For a wire of finite length $a$, $I$ now acquires a $z$ dependence: $$ I = \text{rect}(z/a)e^{-i\omega t} \\ \text{rect}(x) := \begin{cases} 1 & |x|<1/2 \\ 0 & |x|>1/2\end{cases} $$ By Fourier transform: $$ \hat I = a\text{ sinc}(k_za/2)e^{-i\omega t} \\ I = \int \hat Ie^{ik_zz}\frac{dk_z}{2\pi}\quad \hat I = \int Ie^{-ik_zz}dz $$ This changes the magnetic field to: $$ \hat B_\phi = \begin{cases} \frac{ik_r}4H_1^{(1)}(k_rr)\hat I & \omega^2 > k_z^2 \\ \frac{k_r}{2\pi}K_1(k_rr)\hat I & \omega^2 < k_z^2 \end{cases} $$ where: $$ k_r = \begin{cases} \text{sgn}(\omega)\sqrt{\omega^2-k_z^2} & \omega^2 > k_z^2 \\ \sqrt{k_z^2-\omega^2}& \omega^2 < k_z^2 \end{cases} $$ Using the same formula, you get the complicated expression of the total force: $$ \begin{align} F &= \int \Re(I^*B_\phi)dz \\ &= -\int_{|k_z|^2<\omega^2}\frac{k_r}4Y_1(k_rr)a^2\text{sinc}^2(k_za/2)\frac{dk_z}{2\pi}+\int_{|k_z|^2>\omega^2}\frac{k_r}{2\pi}K_1(k_rr)a^2\text{sinc}^2(k_za/2)\frac{dk_z}{2\pi} \end{align} $$ which does not simplify much at a distance of half a wavelength $r = \pi/\omega$.

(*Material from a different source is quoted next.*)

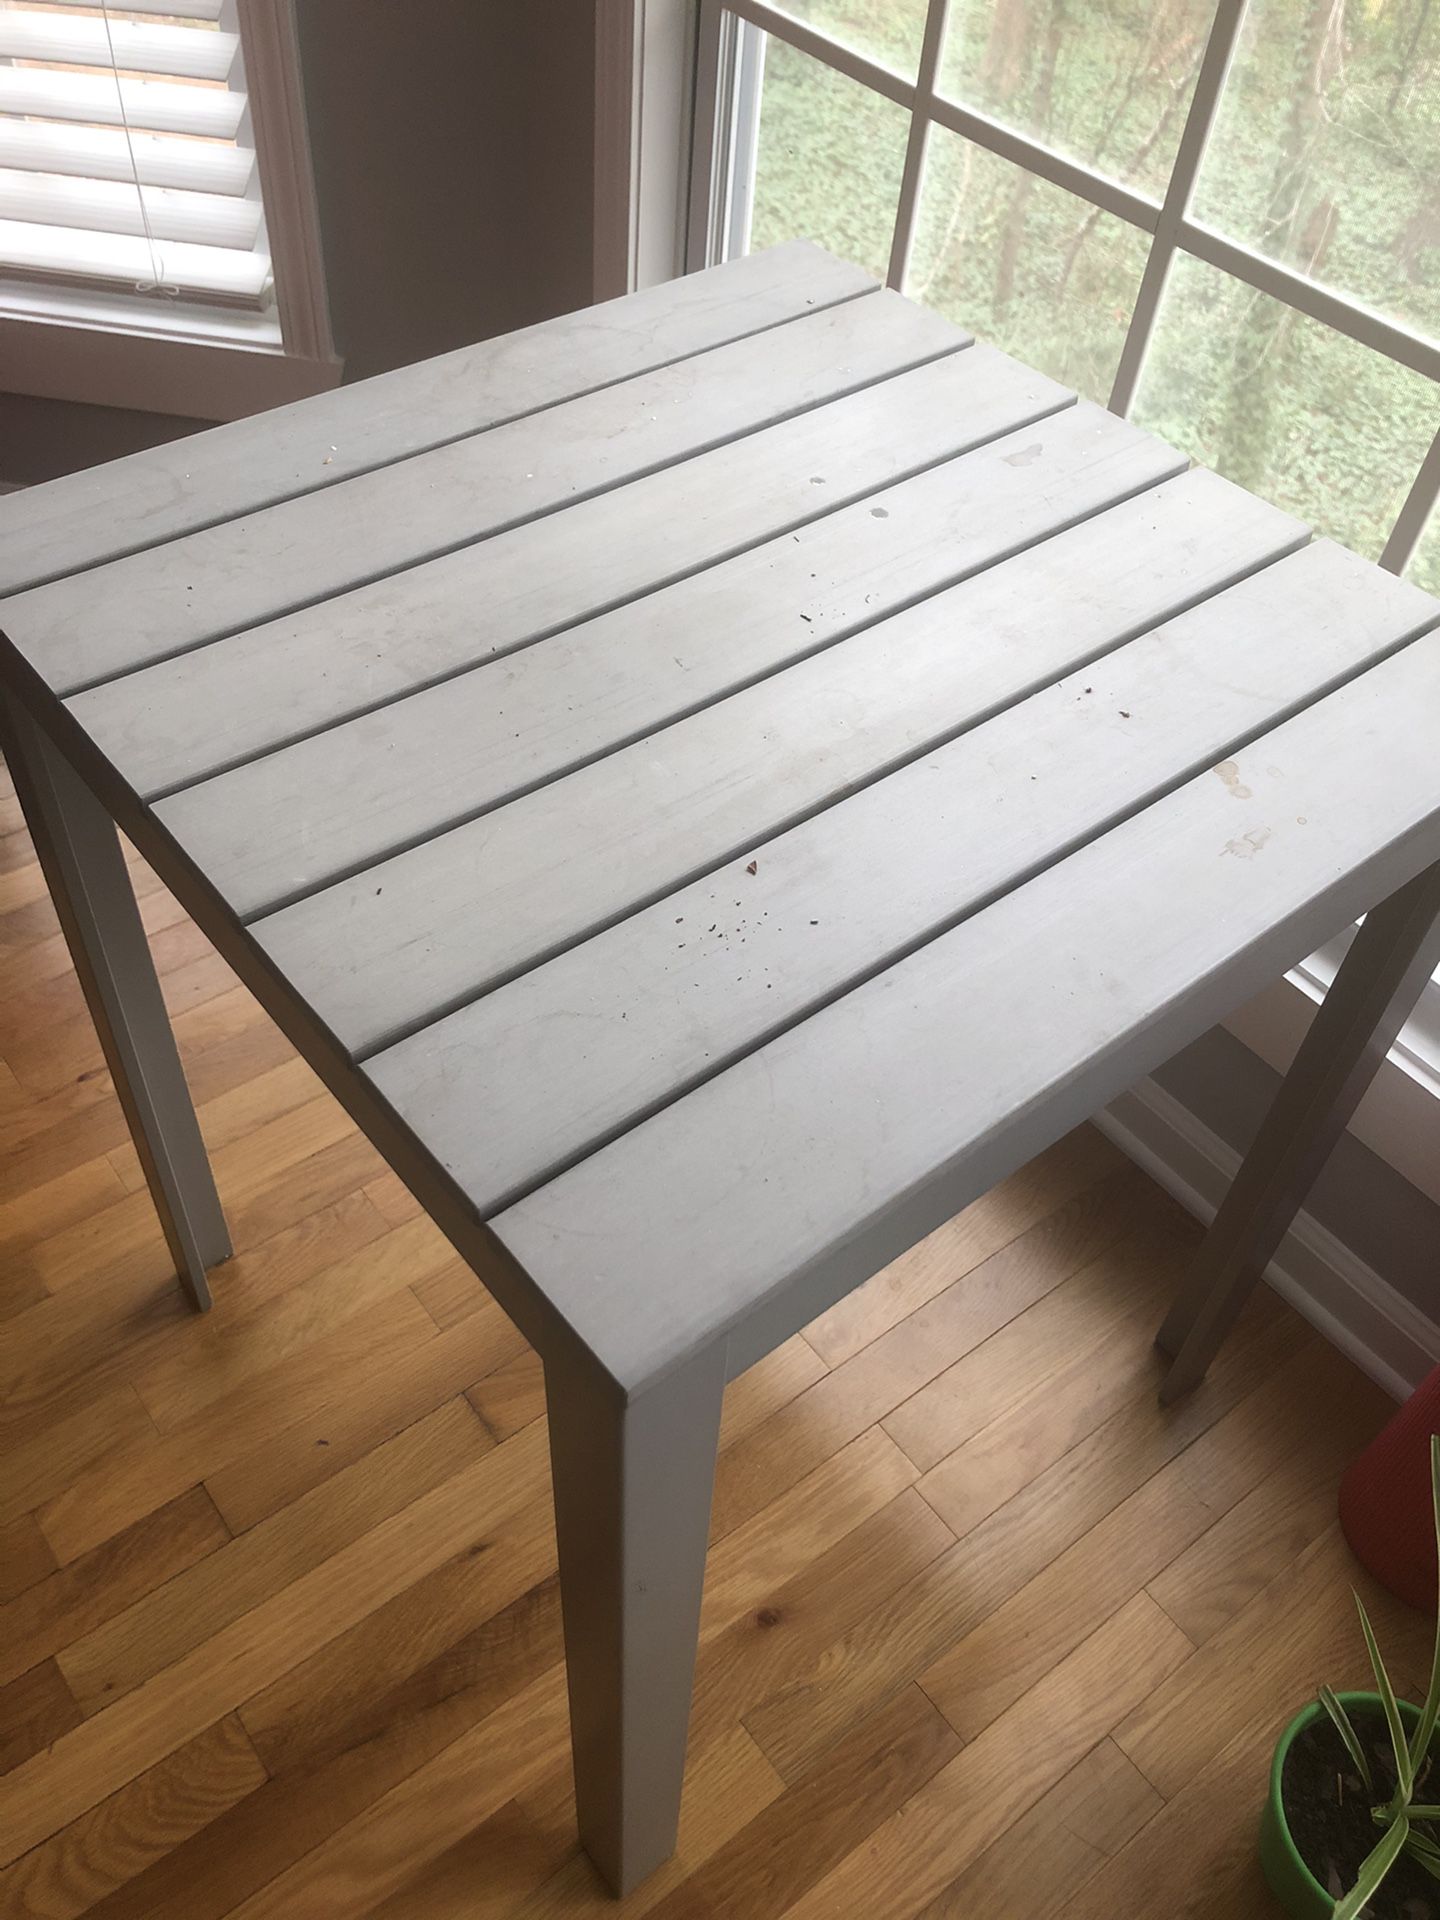 IKEA falster table
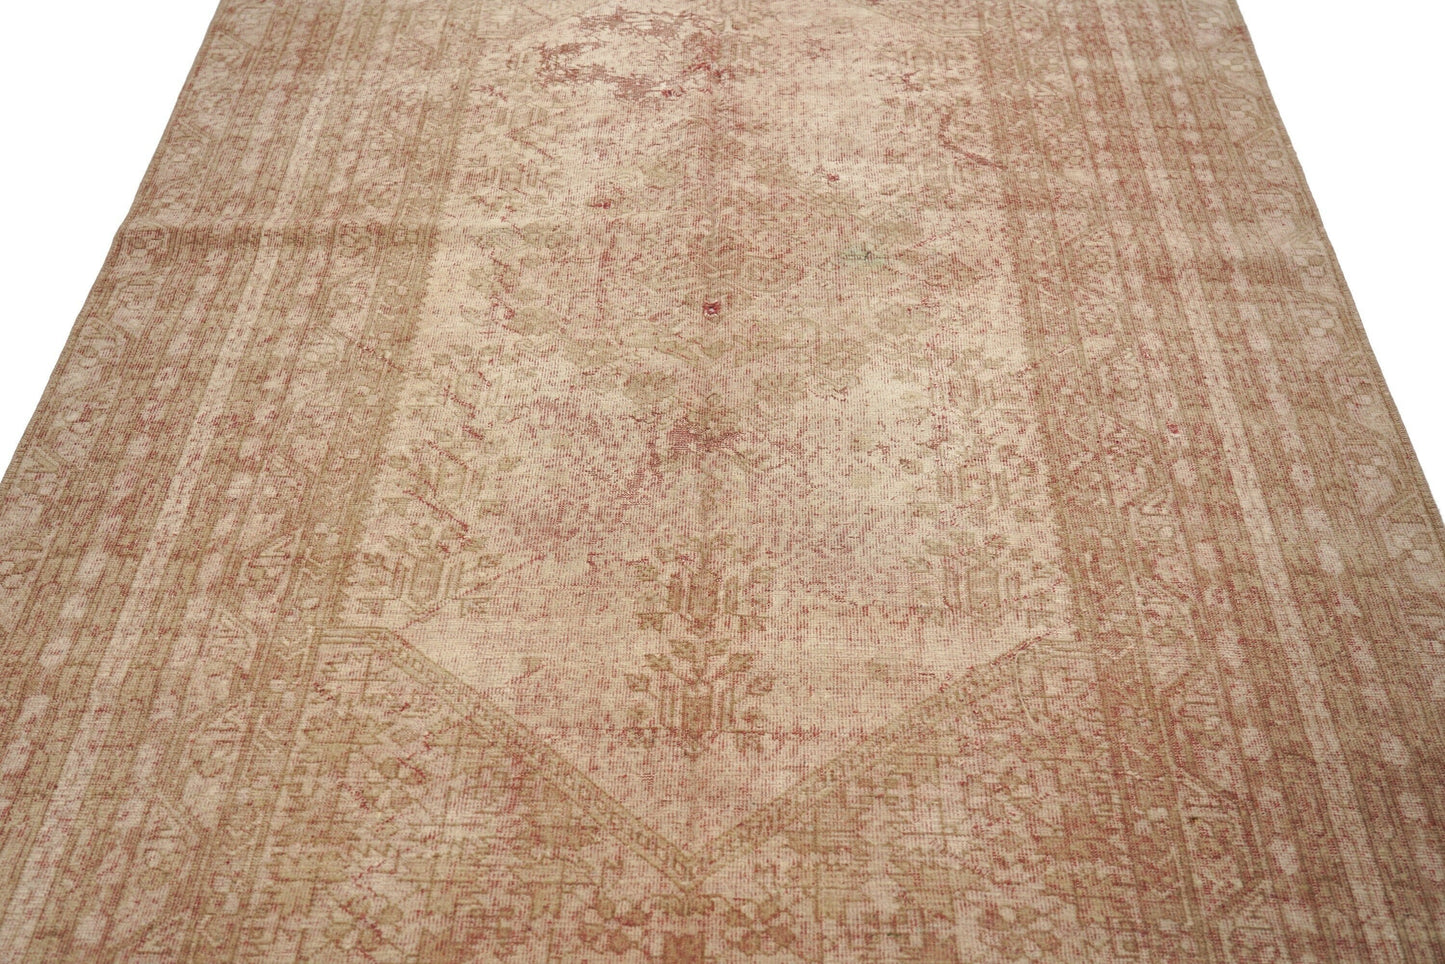 5x8 Antique Oushak Rug, Distressed Turkish rug, Handmade Carpet rug, Old rug, Oushak Carpet, One of a kind rug, Living room rug, 3169

At best, you have another simple limiting case: $a\to0$. The force $F$ now vanishes. This time the extensive variable is $F = a^2f$: $$ \begin{align} f &= -\int_{|k_z|^2<\omega^2}\frac{k_r}4Y_1(k_rr)\frac{dk_z}{2\pi}+\int_{|k_z|^2>\omega^2}\frac{k_r}{2\pi}K_1(k_rr)\frac{dk_z}{2\pi} \\ &= -\frac{\omega^2}{2\pi}y_1(\omega r) \end{align} $$ I did not calculate the integral by brute force. Instead, notice that in the vanishing length limit, the wires form Hertz dipoles. The magnetic field is therefore: $$ B_\phi = \frac{i\omega^2a}{2\pi}h_1^{(1)}(\omega r)I $$ Once again, at a distance of half a wavelength, there is no simplification: $$ f = -\frac{\omega^2}{2\pi}y_1(\pi) $$ In fact, imagining your wires as superpositions of many Hertz dipoles, you can get a new formula for $F$, which is easier to handle in the $a\ll\lambda$ limit.

In short, your approach is not salvageable. At half wavelength, you need to take into account the full radiative field. Even the force at the extreme values of $\alpha = 0,\pi$ is not straightforward, and interpolating between the two regimes is a complicated formula.